— Elle est affreuse ! gémit Spiers. Elle a de la moustache et quelque chose de ratatiné dans la figure. On dirait qu’elle a mangé ses lèvres… De plus elle a comme des prétentions à l’art et à la poésie. A cette vente de charité, elle était habillée d’une robe de satin rose sur laquelle elle avait peint elle-même des branches de gui avec des petits oiseaux.

— Jérémie, dit M. Spiers senior, je me demande un peu quelle importance cela a… Vous pourriez épouser la plus jolie femme du monde et la plus intelligente, au bout de trois mois vous n’y feriez plus attention… Est-ce qu’on regarde sa femme ?

Spiers épousa donc la petite Holcroft et il vécut avec elle pendant quelques années, ni heureux, ni malheureux, — indifférent, absent. Elle était terrible, la petite Holcroft. Elle était laide, et, surtout, elle était au suprême degré dépourvue de vie. Elle ne faisait aucun bruit, n’ouvrait jamais la bouche, ne riait, ne souriait jamais… une morte !… Pis qu’une morte, — parce que les mortes, on les enterre, et qu’une fois qu’elles sont enterrées, avec vingt-cinq kilos de fleurs sur leur tombe, on peut penser à autre chose.

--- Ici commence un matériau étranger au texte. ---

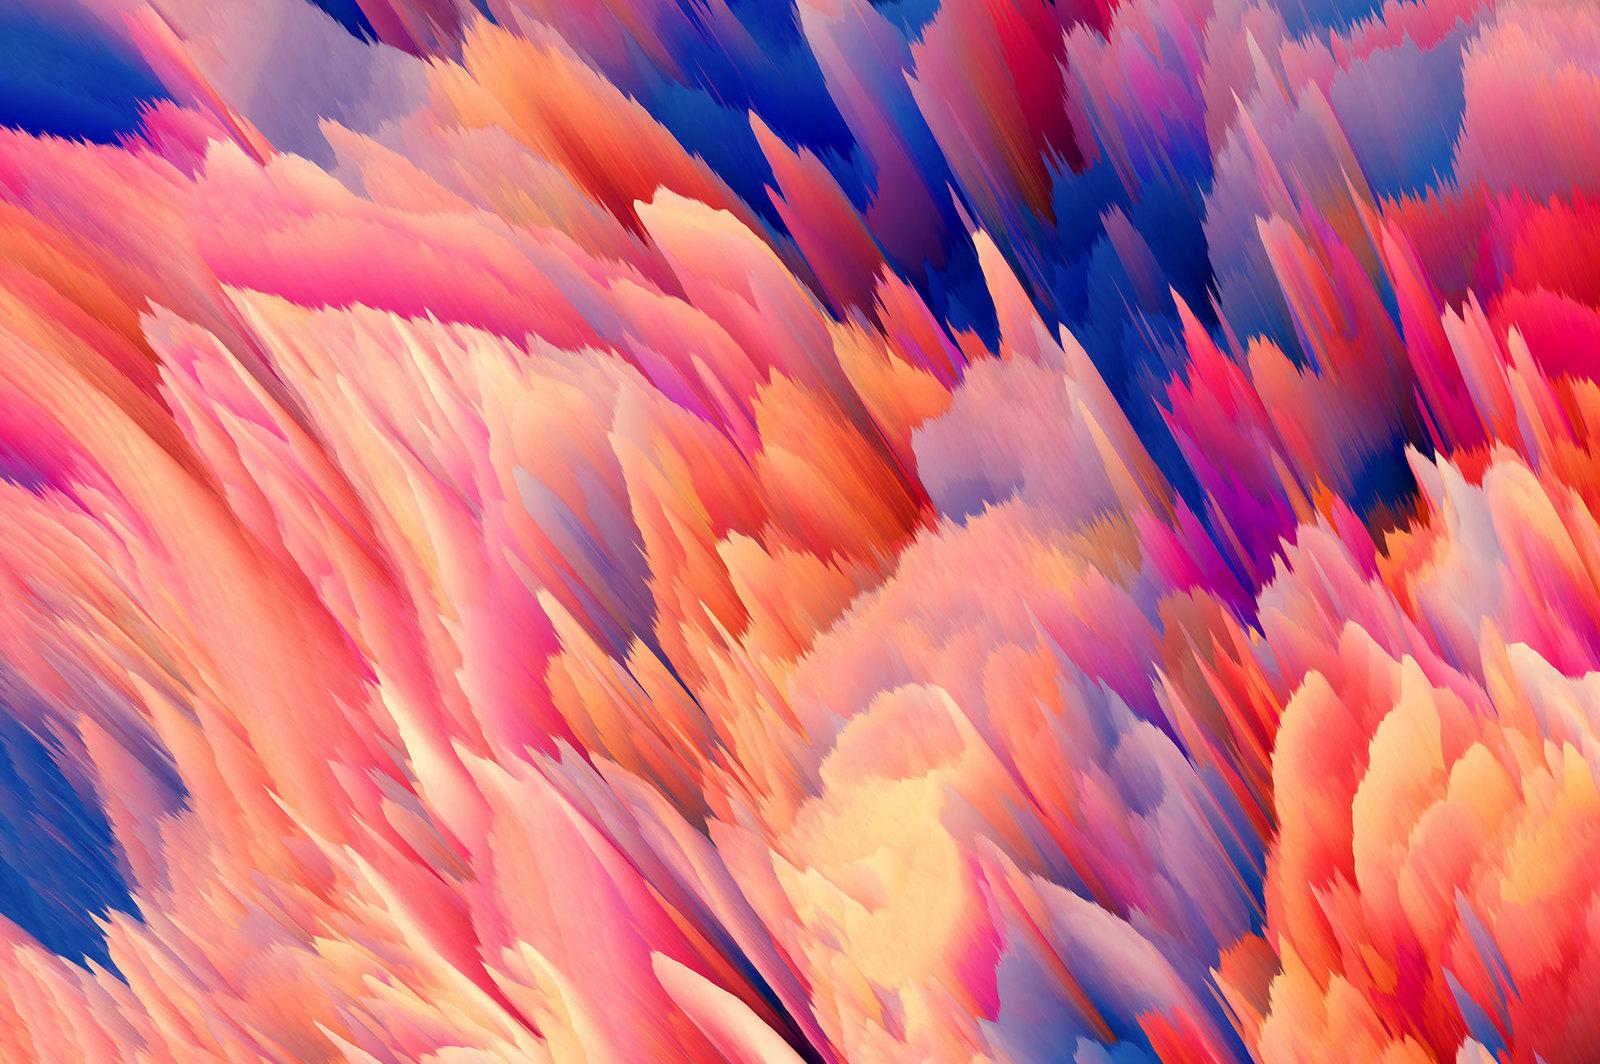 Vitality: 12 Dynamic 3D Textures

Donc, cela alla bien pendant quelques années, — Spiers mangeait, buvait, dormait avec sa morte, et son patron, Knibbs, voyant que le malheureux était décidément perdu, que tous nerfs et tous ressorts chez lui étaient brisés, qu’il avait pris à jamais son parti de cet effroyable destin, Knibbs commença à le considérer avec une certaine sympathie, lui donna de l’avancement, lui confia le service de la correspondance avec l’étranger, etc.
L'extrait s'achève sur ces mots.